Let $T$ be a binary tree with the lexicographic order. And $f:T→T$ be the successor operation. We denote the empty sequence in $T$ by $i$. Also Suppose that:
For all $X⊂T$ if these two conditions hold:
- $i∈X$
- For all $t$, it holds that $(t∈X →f(t)∈X)$
Then $X=T$.
In $\text{RCA}_0$, I want to show that if $T$ has an infinite initial segment, then $(T,i,f)$ cannot be isomorphic to $(ℕ,0,S)$; which means there is no bijection such $G:T→ℕ$ satisfying these conditions:
- $G(i)=0$
- For all $t∈T$, it holds that $G(f(t))=S(G(t))$
How can I show this?
I tried to prove it. My idea was this:
Let $Y$ be an infinite initial segment in $T$ and by contradiction, suppose that there exists a desirable function $G$. Then, $\text{card}(G(Y))$ has to be equal to $\text{Card}(Y)$. But in the other hand, $G(Y)$ is an initial segment of $ℕ$ which has to be finite. Contradiction.

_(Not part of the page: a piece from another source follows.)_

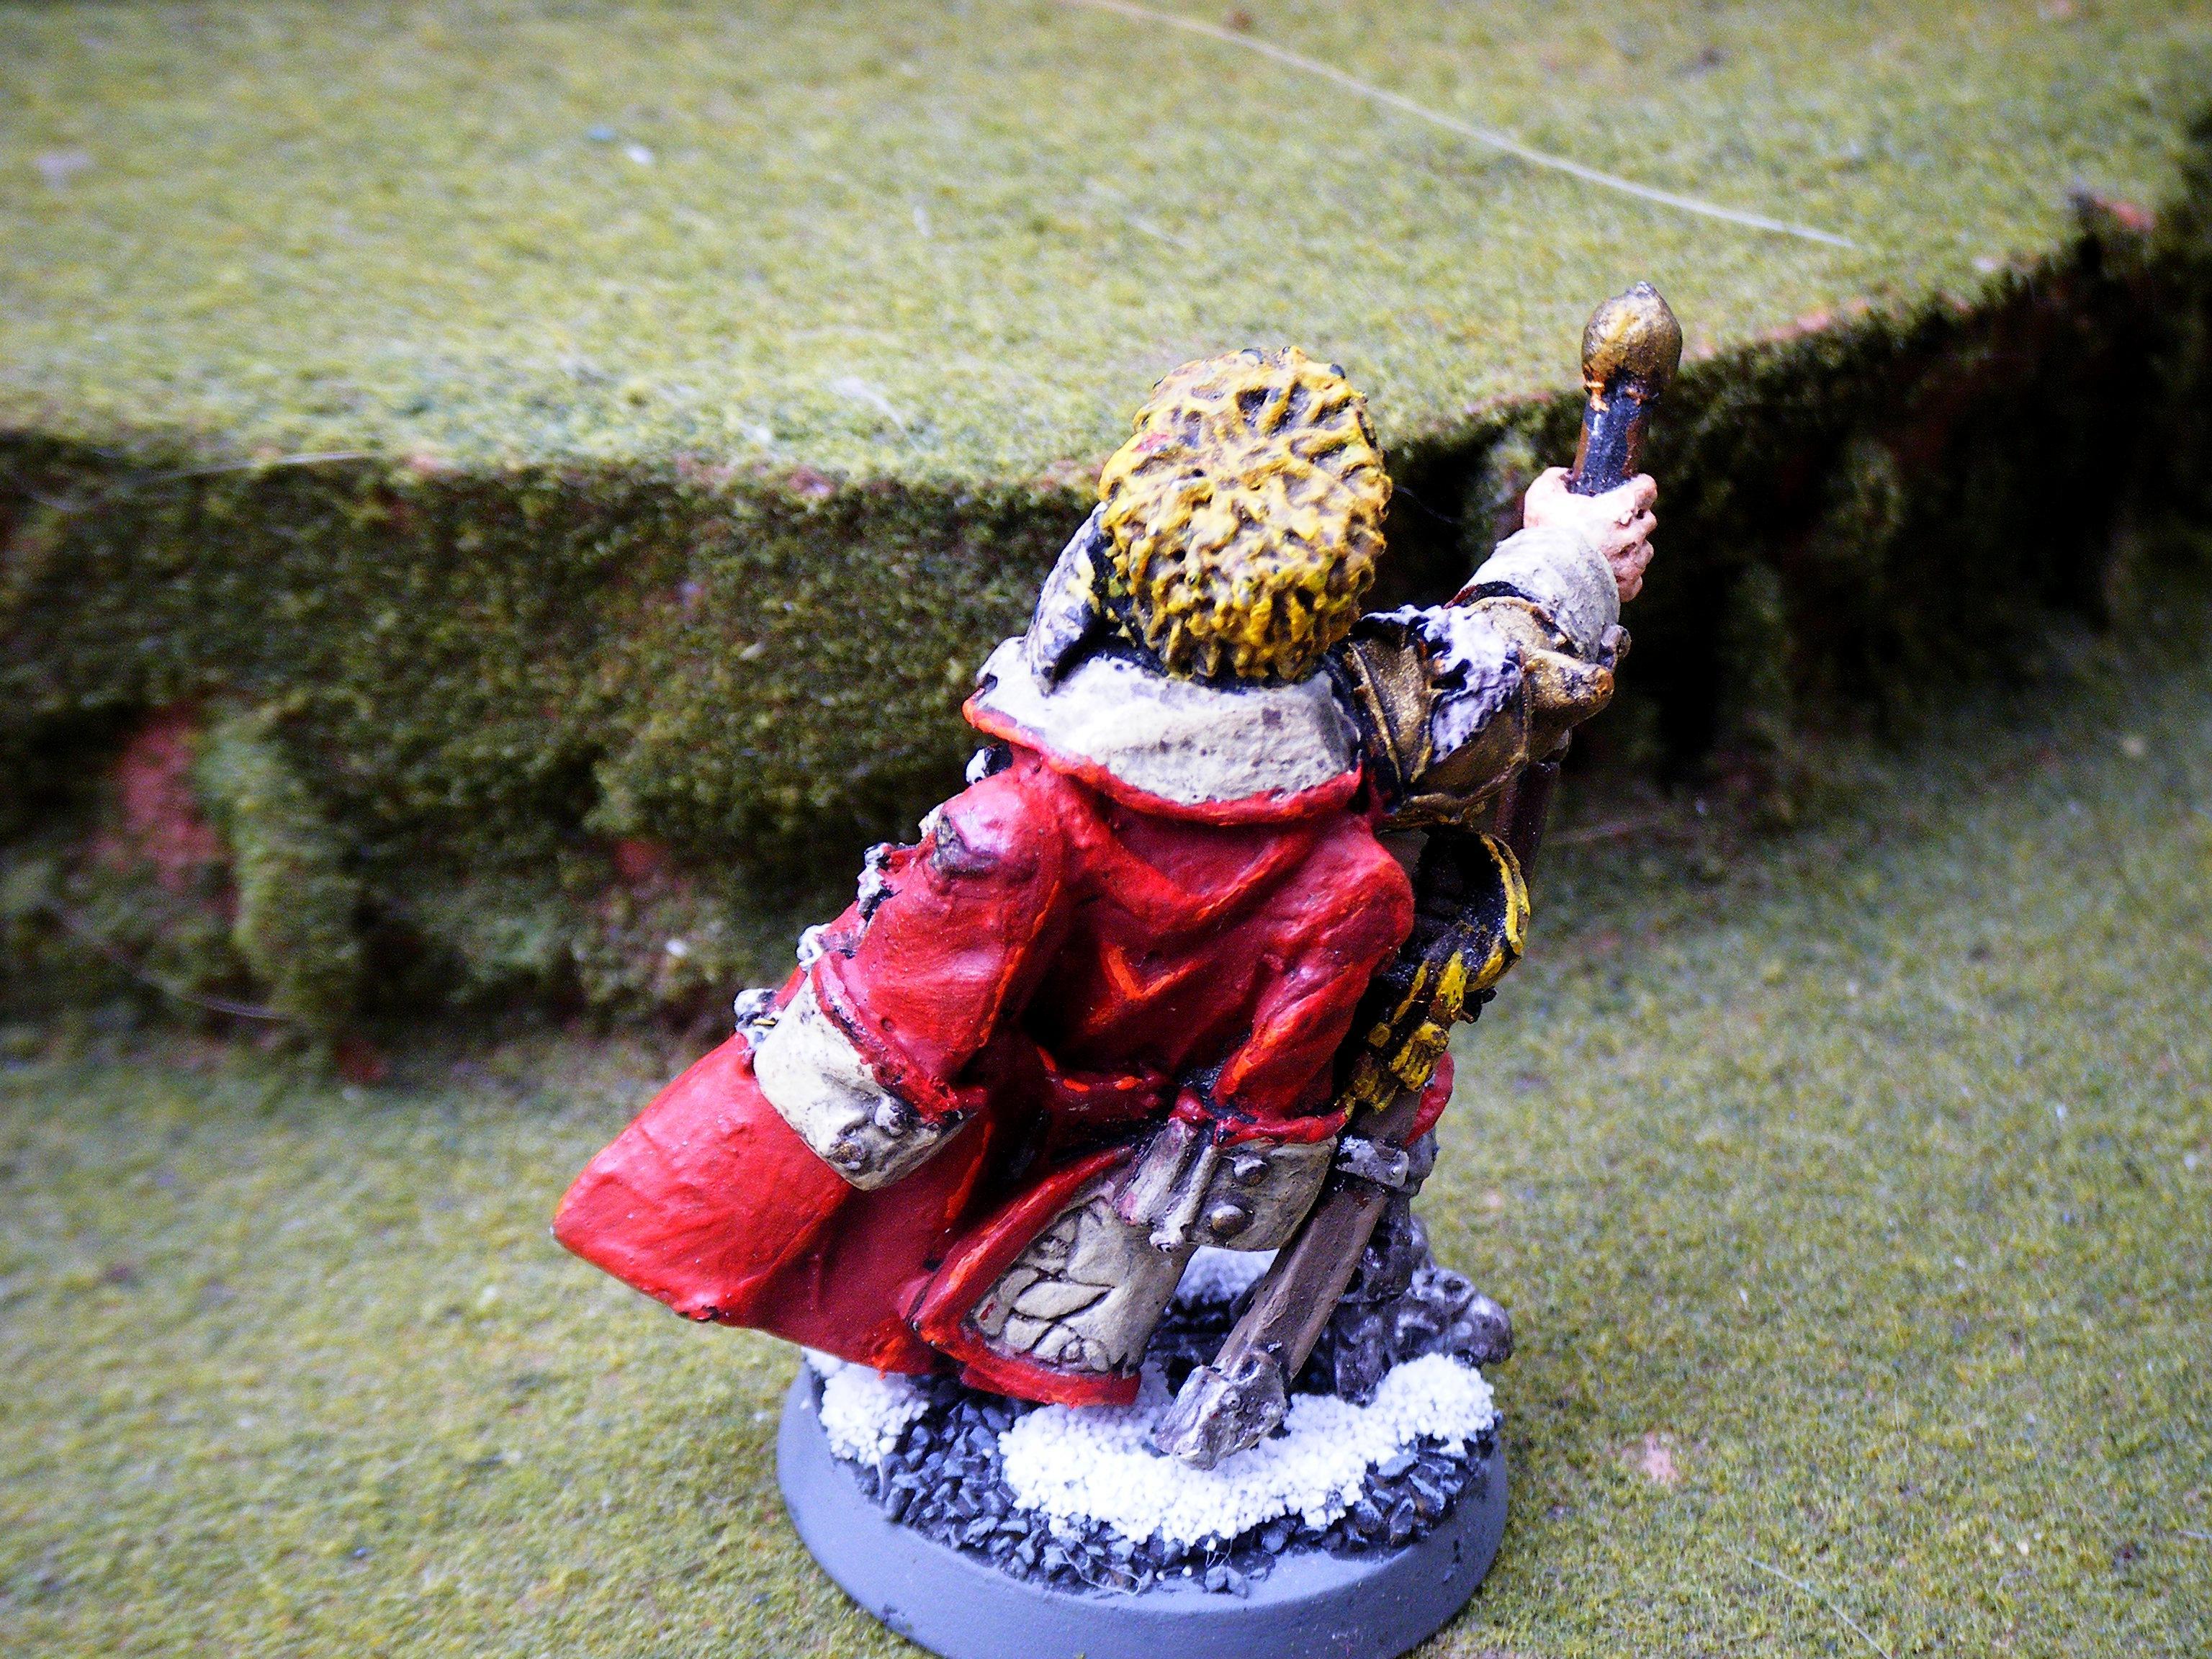 Imperial Guard, company commander back

But the problem is, I couldn't prove that $G(Y)$ is an initial segment of $ℕ$.
Maybe you want to say that such $(T,i,f)$ with an infinite initial segment doesn't even exist! Yes if we assume weak konig lemma, you are right. But in this context, we are assuming that weak konig lemma doesn't hold, then such $(T,i,f)$ with an infinite initial segment exists, by this argument:
If we assume that weak konig lemma doesn't hold, then there is an infinite binary tree $T'$ with no infinite path. We define $T=T'∪S$ which
$$S=\{t=\langle 1,1,...,1 \rangle : \text{lh}(t)=n \;\text{and}\; n∈ℕ\}$$
$T$ is a tree. consider the lexicographic order on $T$, and let $f:T→T$ be the successor operation, and let i be the empty sequence in $T$. Then $(T,i,f)$ is a Peano system (in particular, induction assumption holds) with an infinite initial segment. In fact, $T'$ is an infinite initial segment of $T$.
Now I want to show that $(T,i,f)$ is not isomorphic to $(ℕ,0,S)$.
The definition of initial segment that I have in mind:
$Y$ is an initial segment of $T$ iff there exists $s∈T$ such that $Y={t∈T : t<s}$.
The lexicographic order that I have in mind:
Given two different binary sequence "s" and "t". We compare $t(0)$ and $s(0)$. If $t(0)<s(0)$, then $t<s$. If $s(0)<t(0)$ then $s<t$. If $s(0)=t(0)$, then we compare $s(1)$ and $t(1)$ and so on. If $\text{lh}(t)<\text{lh}(s)$ and for all $i<\text{lh}(t)$, $t(i)=s(i)$, then $t<s$. For example: $000<01$, $01<1$, $1101<11010$ etc.